EXERCISE DESCRIPTION:
Each line from the one with "Les graines de" through the last line below must be written out exactly. Do not copy pictures.

INFORMATION SUPPLIED:
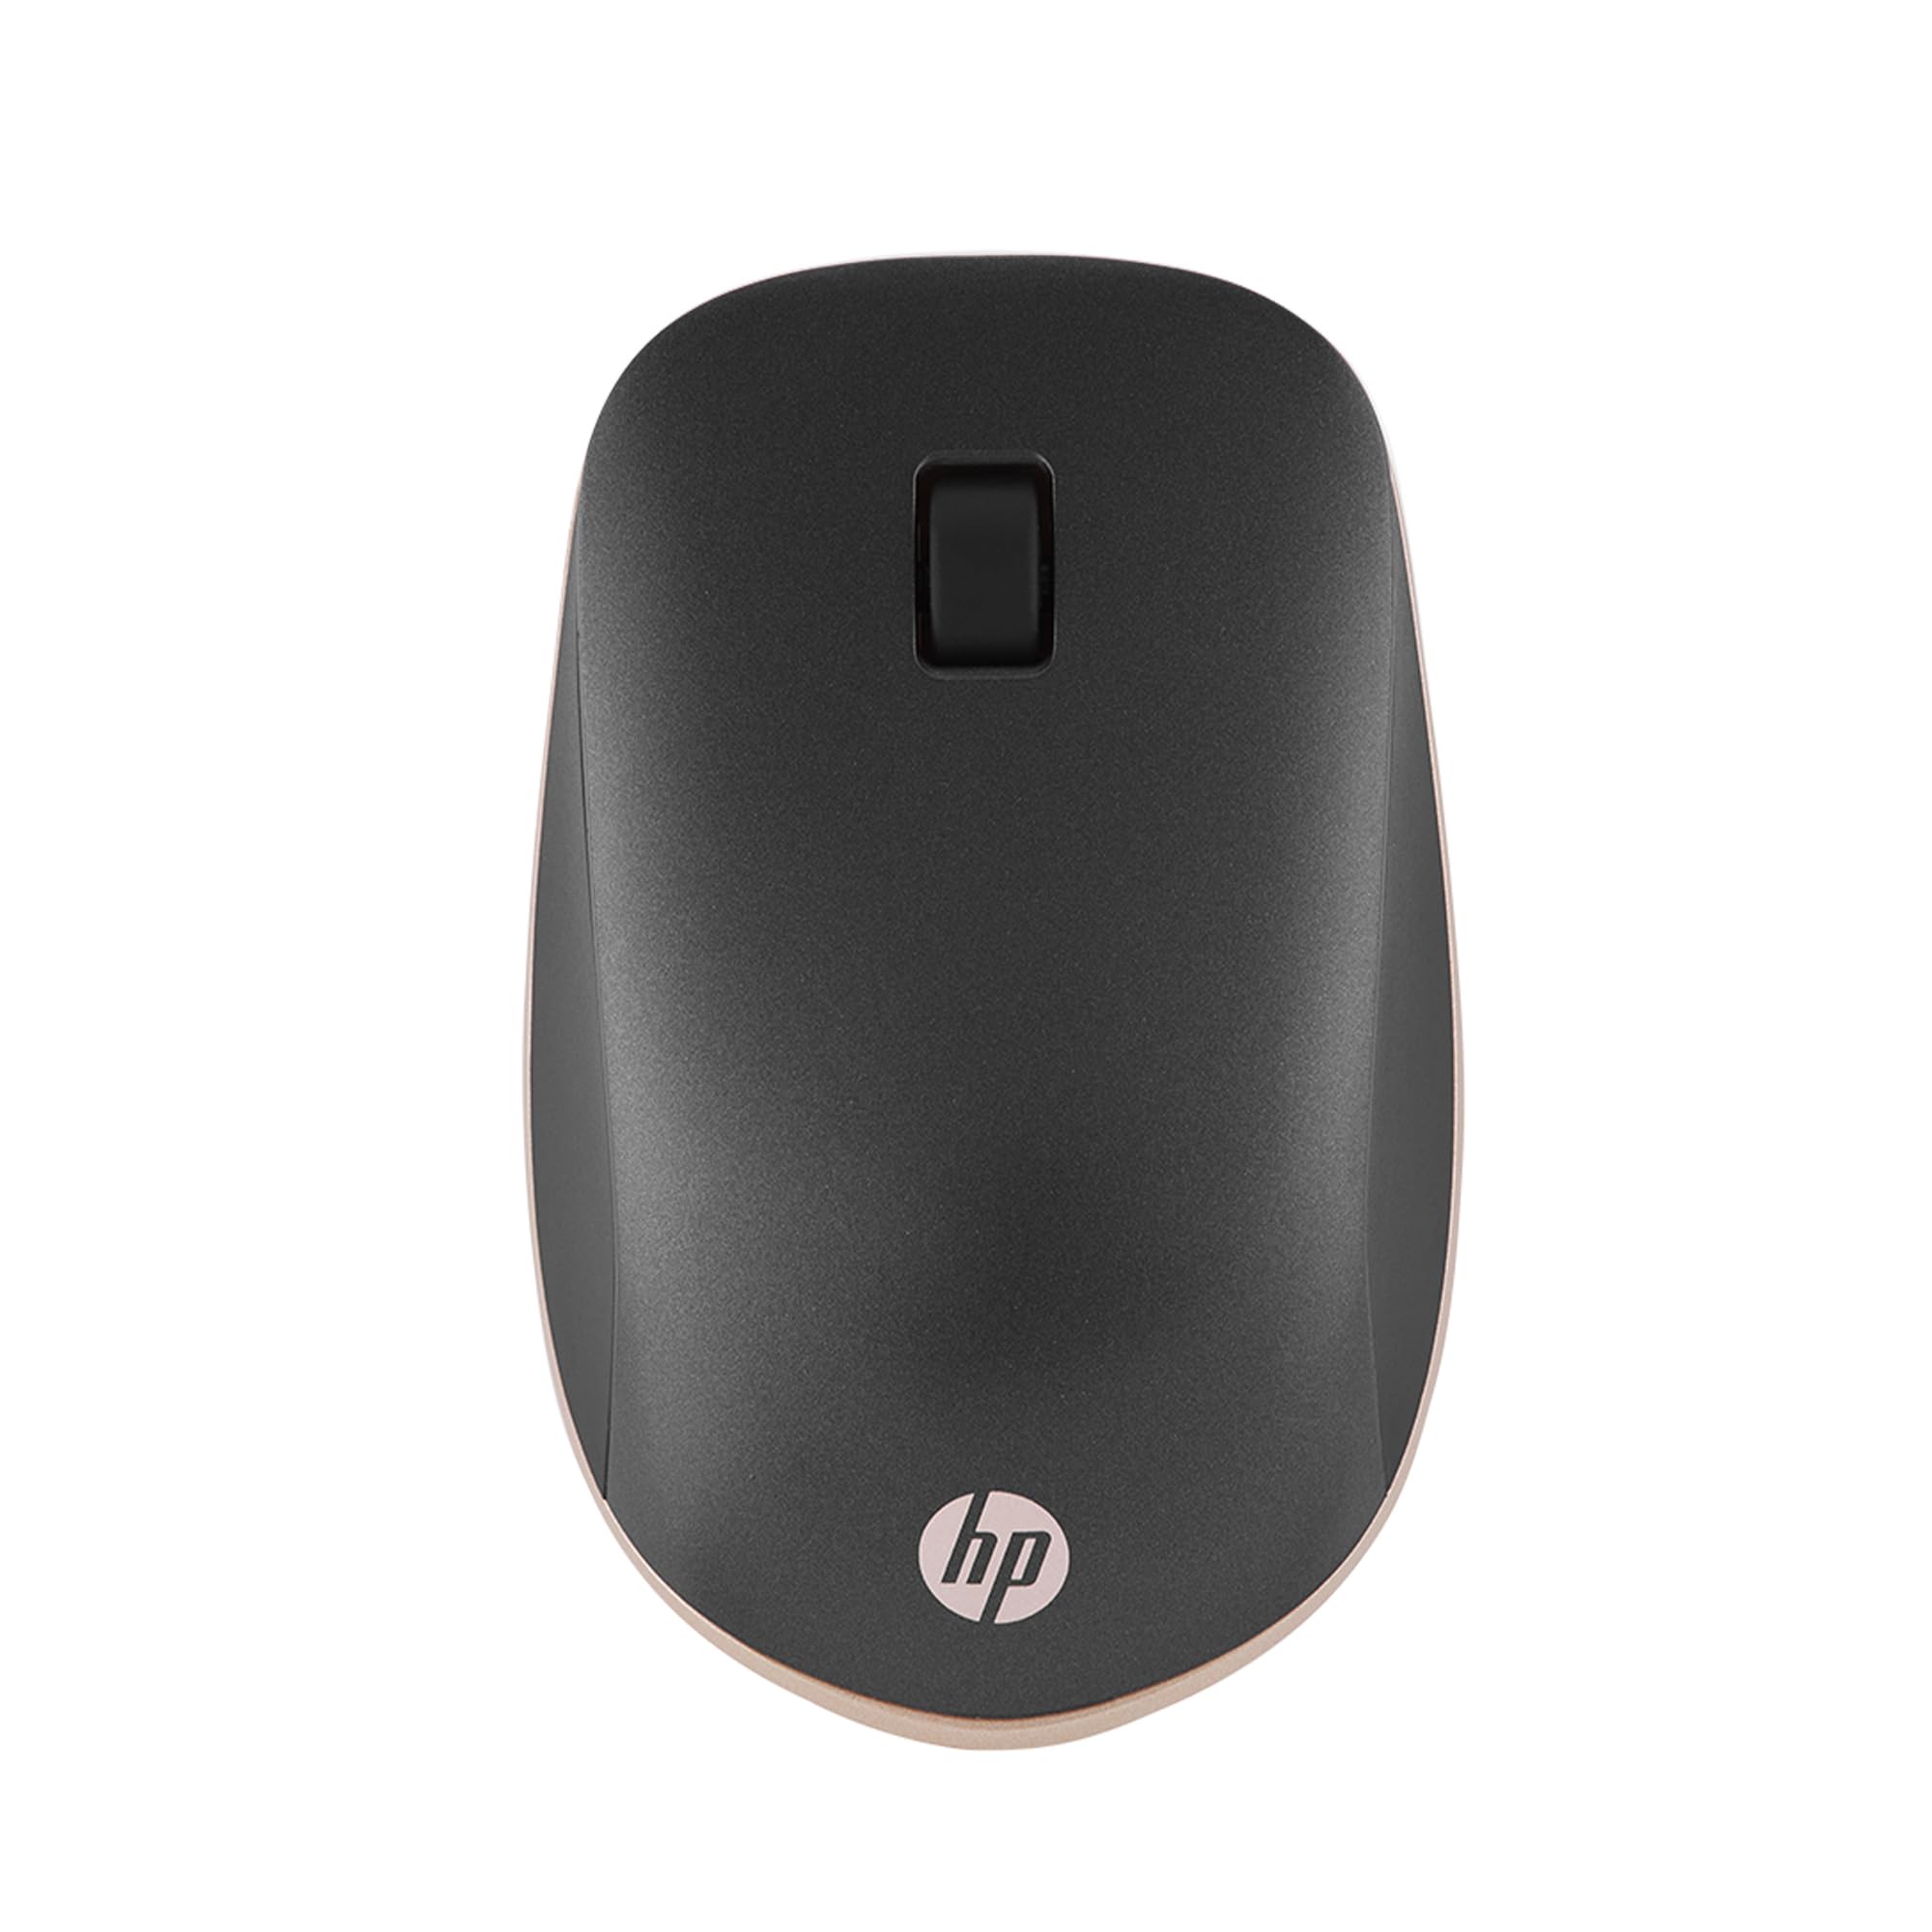 HP ワイヤレスマウス Bluetooth ワイヤレス 無線 薄型 マウス HP 410 Slim スリム ブラック(型番:4M0X5AA#UUF) Bluetooth5 iPad ChromeOS Mac
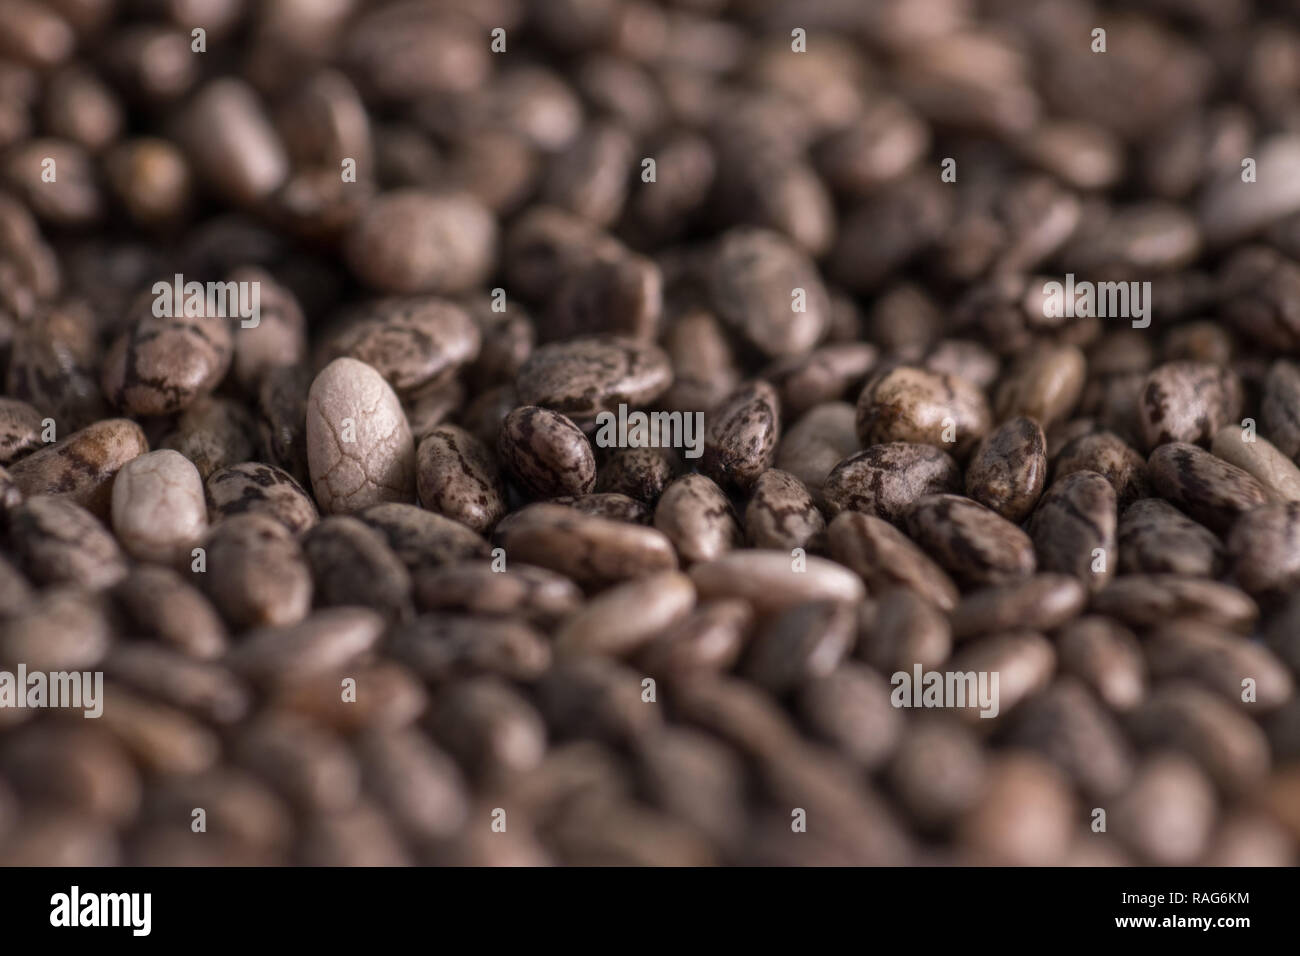 Les graines de quinoa dans la close up Banque D'Images
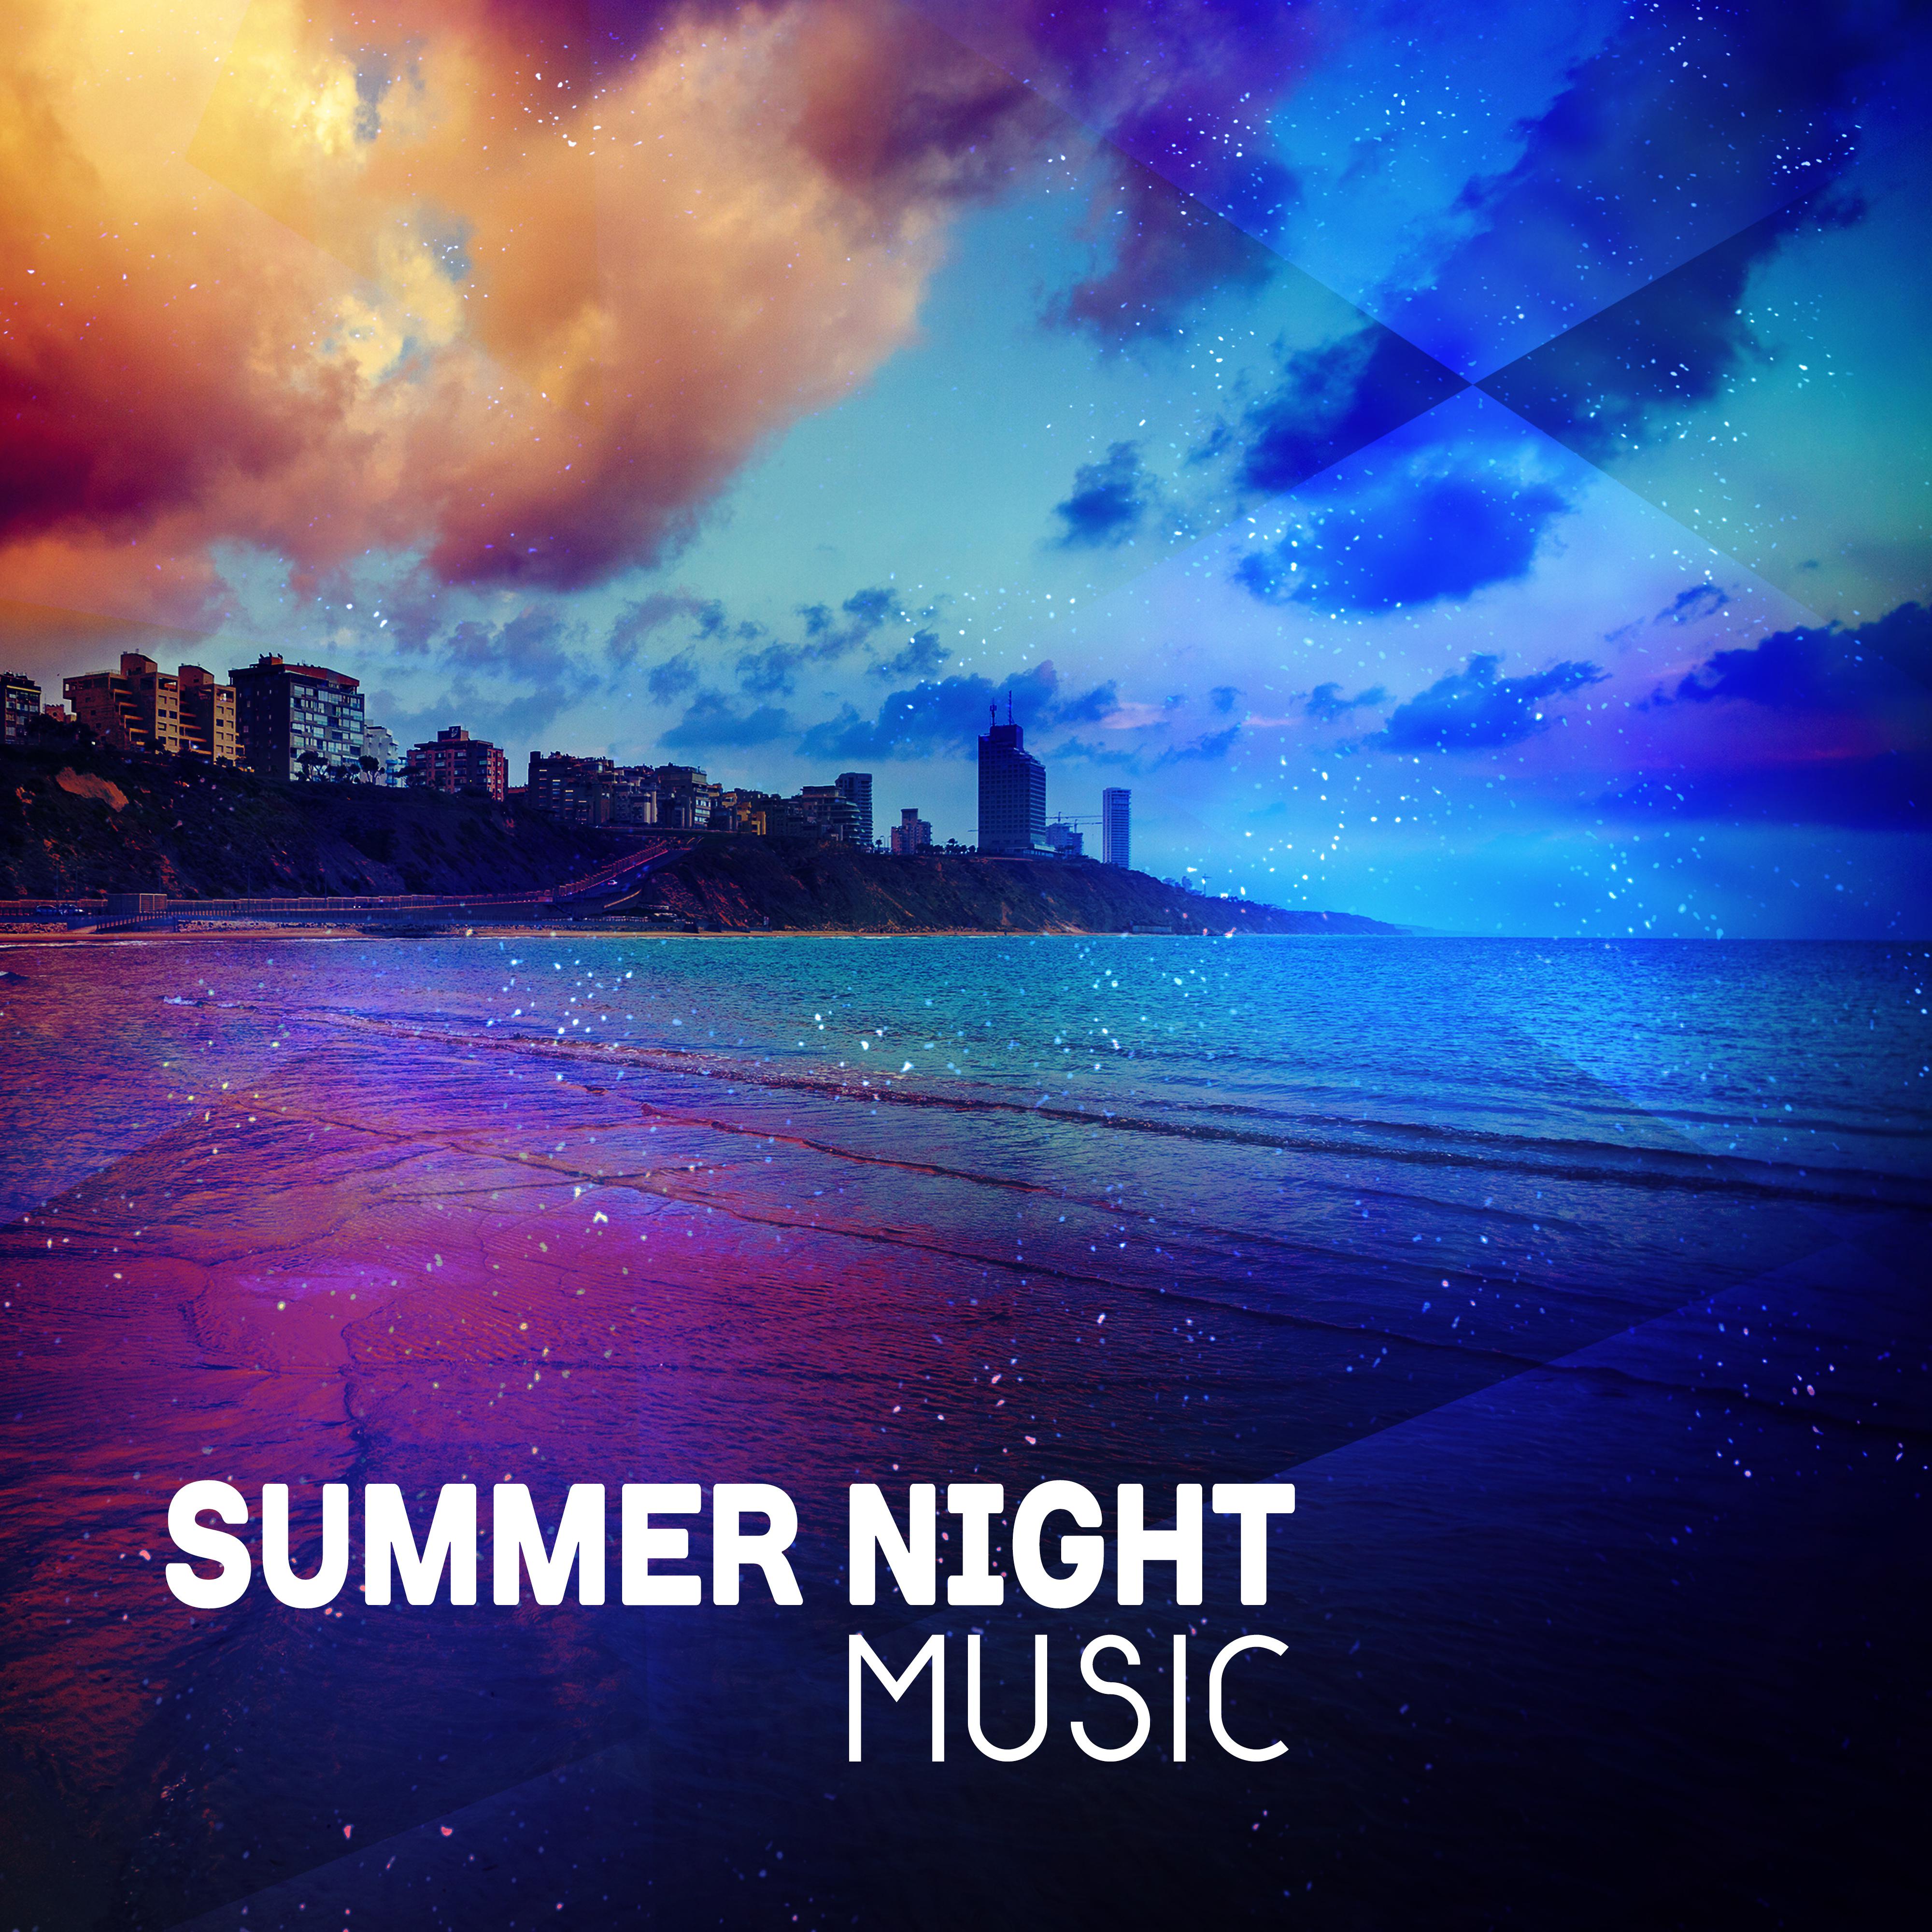 Summer Night Music – Peaceful Nature Sounds, Music for Sleep, Relaxation, Rest, Bliss, Zen, Deep Sleep, White Noise

ANSWER BOX:
 Les graines de quinoa dans la close up Banque D'Images
 Summer Night Music – Peaceful Nature Sounds, Music for Sleep, Relaxation, Rest, Bliss, Zen, Deep Sleep, White Noise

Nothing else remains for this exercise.